Finalizing the model with best parameters found during tuning step.

## Results on the Test Dataset

In [26]:
best_params = grid_result.best_params_
criterion = list(best_params.values())[0]
max_depth = list(best_params.values())[1]
n_estimators = list(best_params.values())[2]
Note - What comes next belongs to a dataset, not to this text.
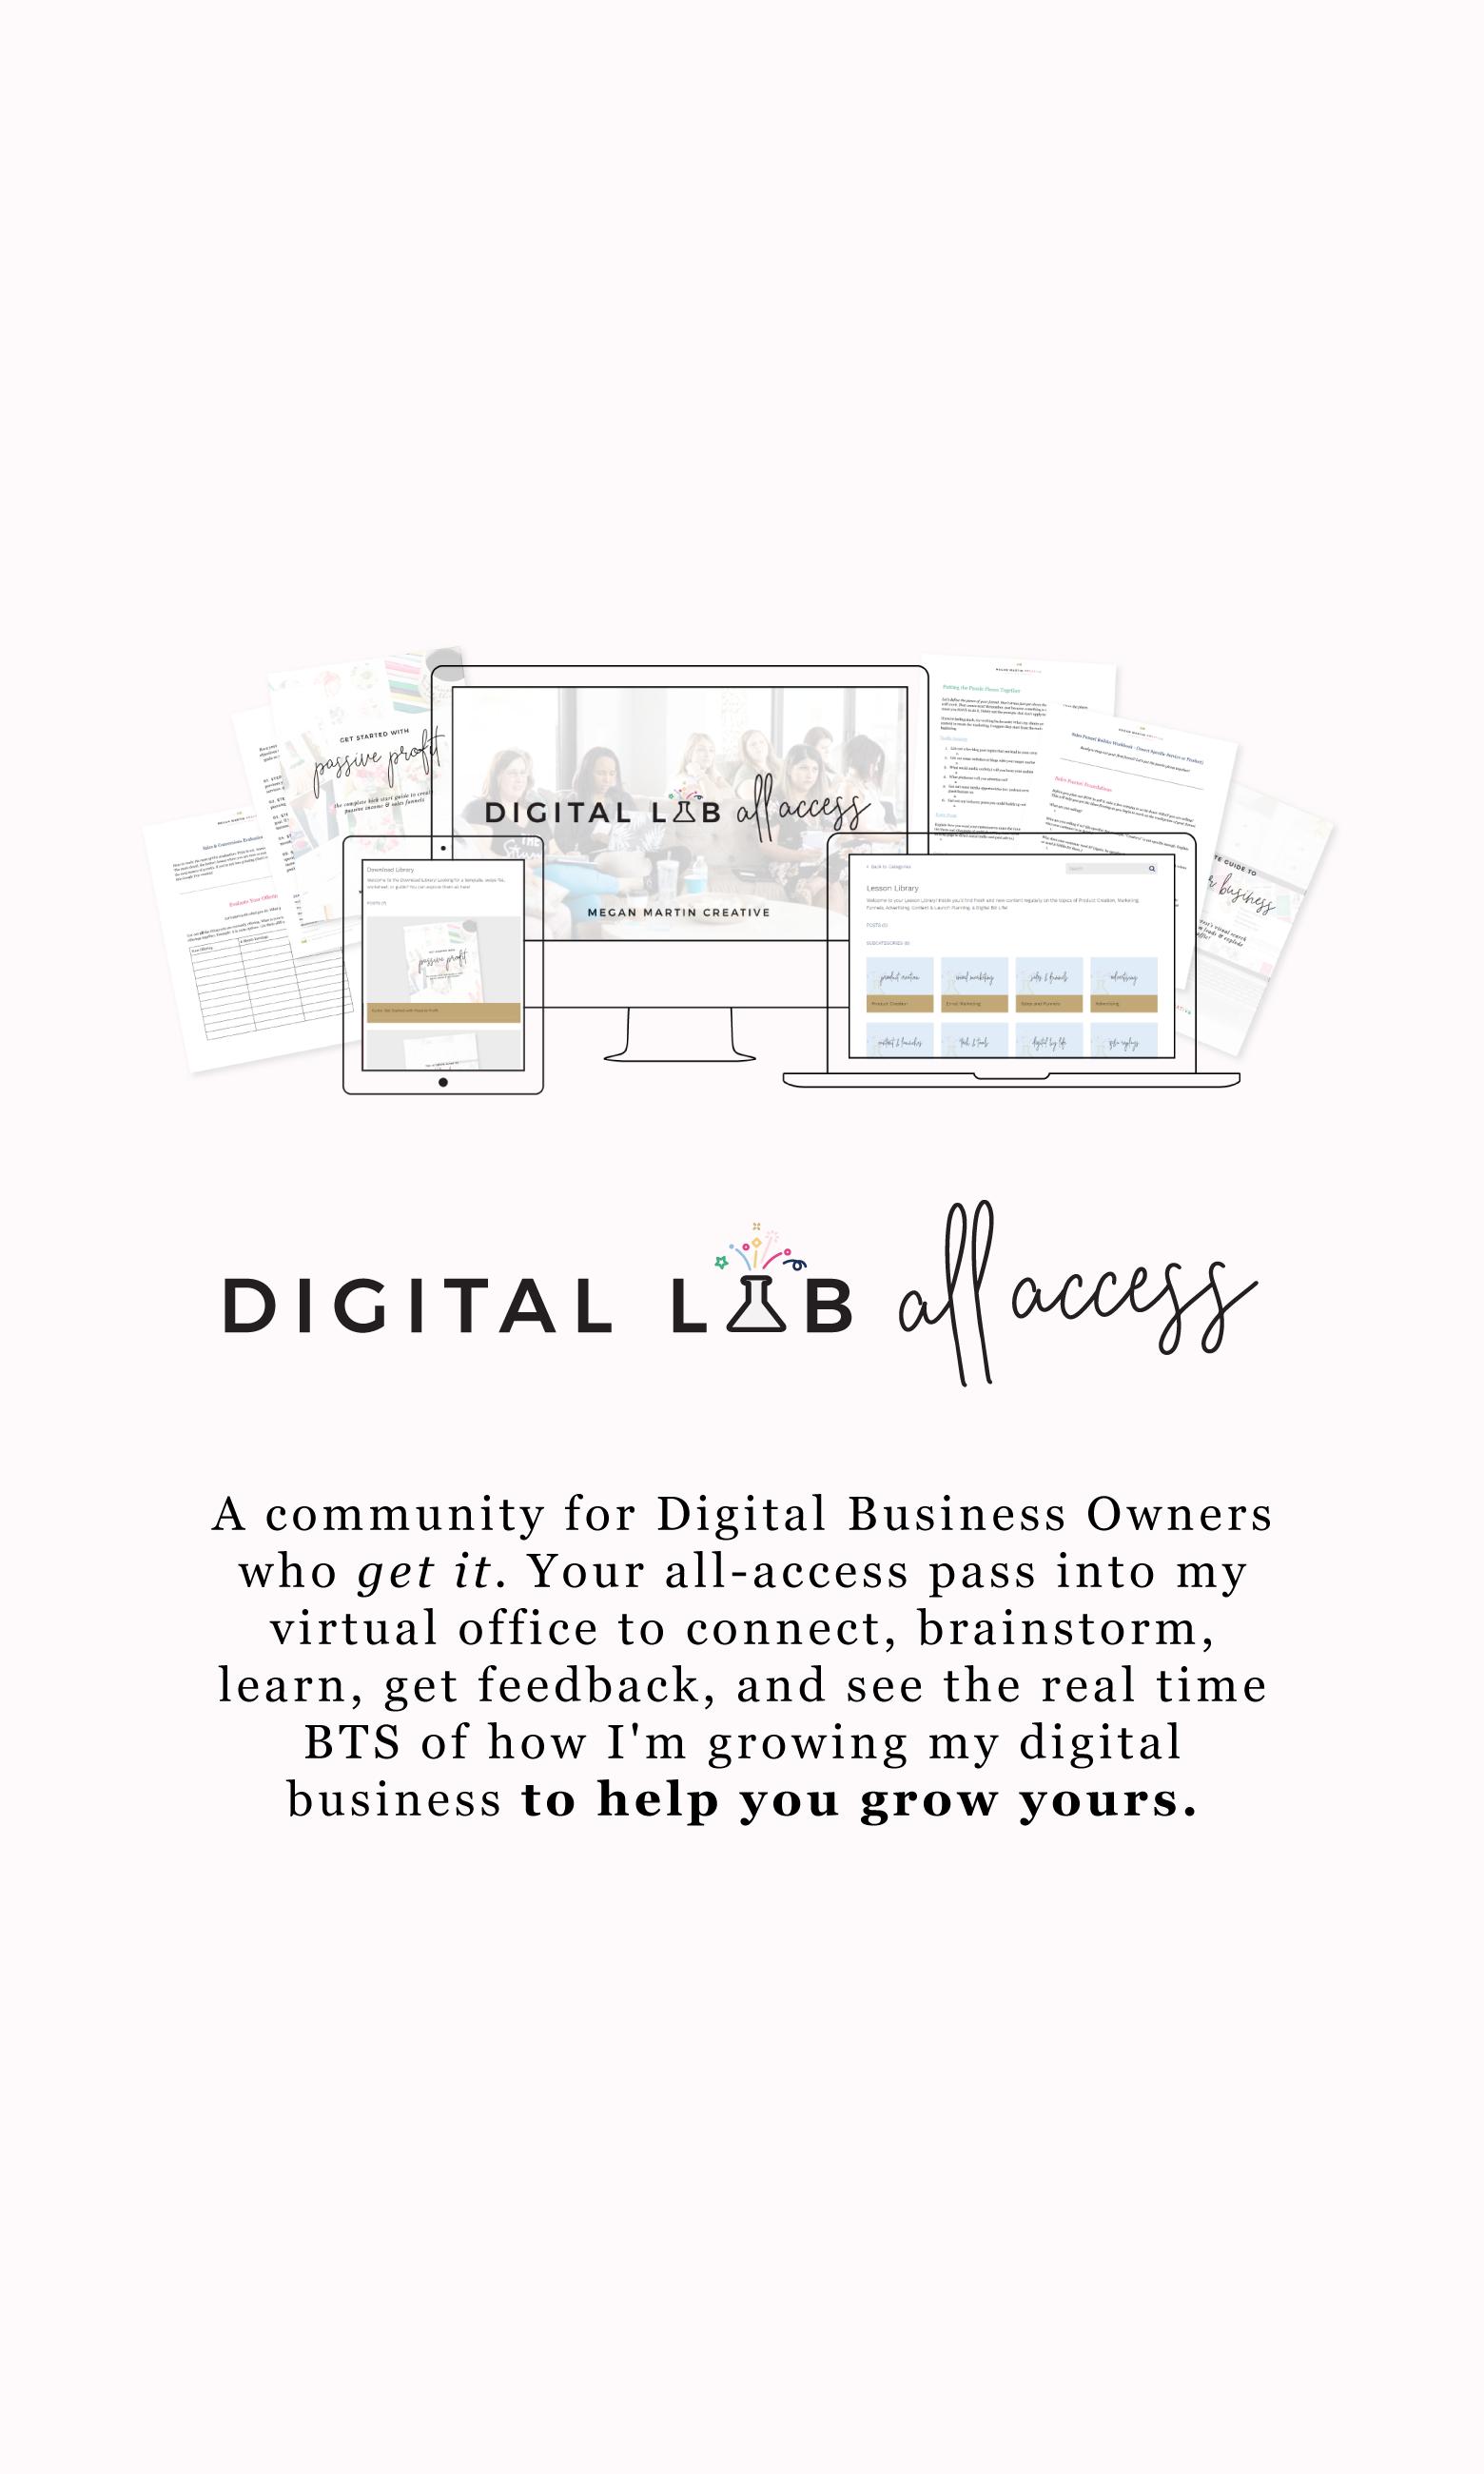 The Digital Lab Academy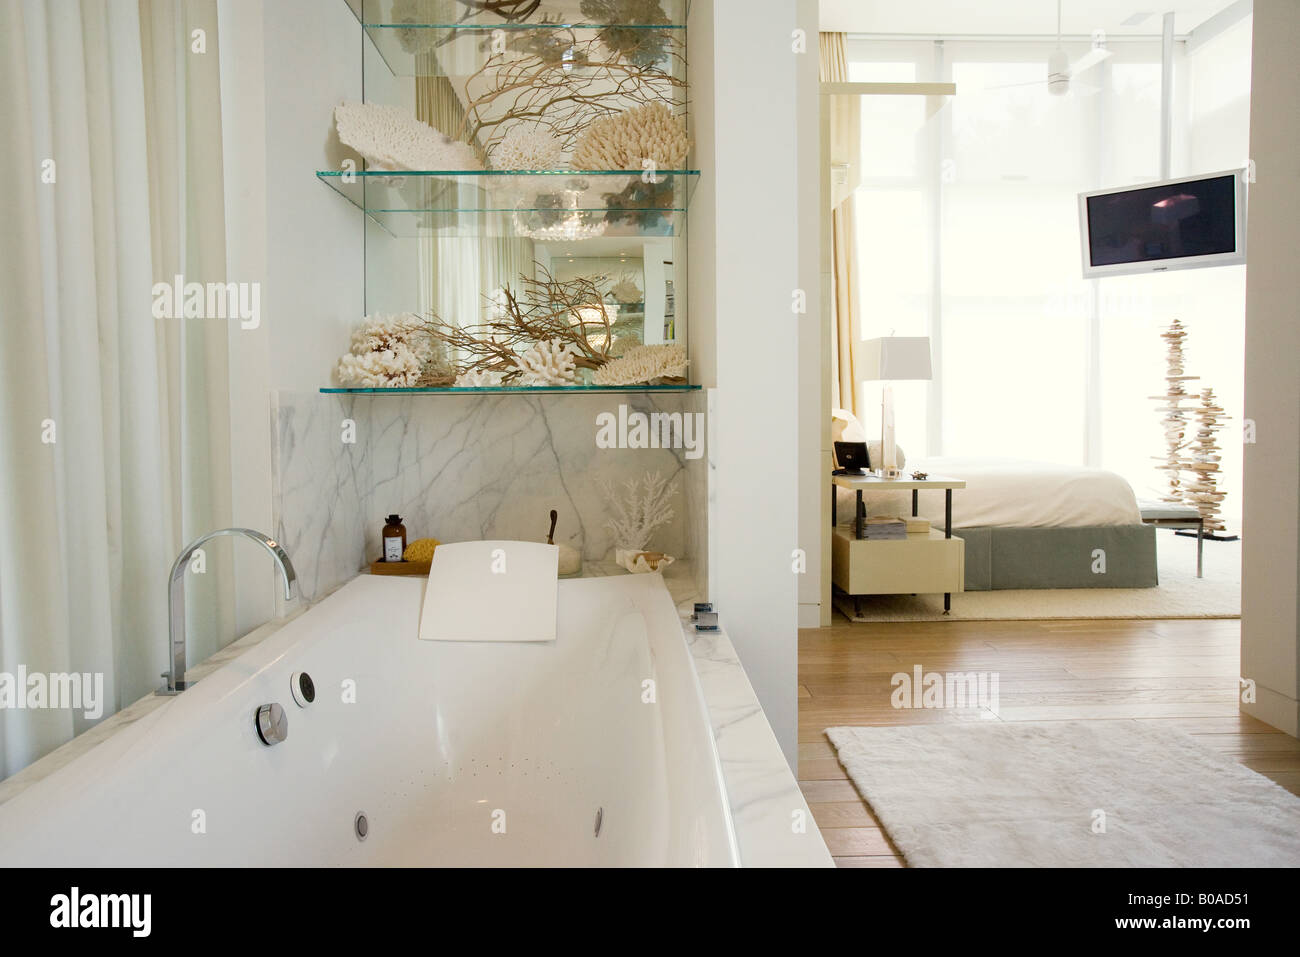 Luxus Hotel-Badezimmer mit großer Badewanne, Schlafzimmer im ...

print('Best criterion: ', criterion)
print('Best numer of estimators: ', n_estimators)
print('Best max depth: ', max_depth)

In [27]:
# prepare model for training with best params
model = RandomForestClassifier(criterion=criterion, n_estimators=n_estimators,max_depth=max_depth,n_jobs=-1) 
# rbf is default kernel
model.fit(X_train, Y_train)

In [28]:
# estimate accuracy on validation set
predictions = model.predict(X_validation)
print(accuracy_score(Y_validation, predictions))
print(confusion_matrix(Y_validation, predictions))
print(classification_report(Y_validation, predictions))

In [29]:
# The selected model performs quite well, with an accuracy of 93.17%. Let us look at the confusion matrix:
df_cm = pd.DataFrame(confusion_matrix(Y_validation, predictions), columns=np.unique(Y_validation), index = np.unique(Y_validation))
df_cm.index.name = 'Actual'
df_cm.columns.name = 'Predicted'
sns.heatmap(df_cm, cmap="Blues", annot=True,annot_kws={"size": 16});# font sizes

## Variable Intuition/Feature Importance

![rfecv.png](attachment:rfecv.png)

In [30]:
# The result of the variable importance looks intuitive, and the momentum indicators
# of RSI and MOM over the last 30 days seem to be the two most important features.
Importance = pd.DataFrame({'Importance':model.feature_importances_*100}, index=X.columns)
Importance.sort_values('Importance', axis=0, ascending=True).plot(kind='barh')
plt.xlabel('Variable Importance')
plt.title('Feature Importance', fontsize=20);

## Backtesting Results

In [31]:
# Create column for Strategy Returns by multiplying the daily returns by the position that was held at close
# of business the previous day
backtestdata = pd.DataFrame(index=X_validation.index)
backtestdata['signal_pred'] = predictions
backtestdata['signal_actual'] = Y_validation
backtestdata['Market Returns'] = X_validation['Close'].pct_change()
backtestdata['Actual Returns'] = backtestdata['Market Returns'] * backtestdata['signal_actual'].shift(1)
backtestdata['Strategy Returns'] = backtestdata['Market Returns'] * backtestdata['signal_pred'].shift(1)

In [32]:
backtestdata=backtestdata.reset_index()
backtestdata[['Strategy Returns','Actual Returns']].cumsum().hist()
backtestdata[['Strategy Returns','Actual Returns']].cumsum().plot();

Looking at the backtesting results, we do not deviate significantly from the actual market return. Indeed, the achieved momentum trading strategy made us better at predicting the price direction to buy or sell in order to make profits. However, as our accuracy is not 100%, but still, we made relatively few losses compared to the actual returns.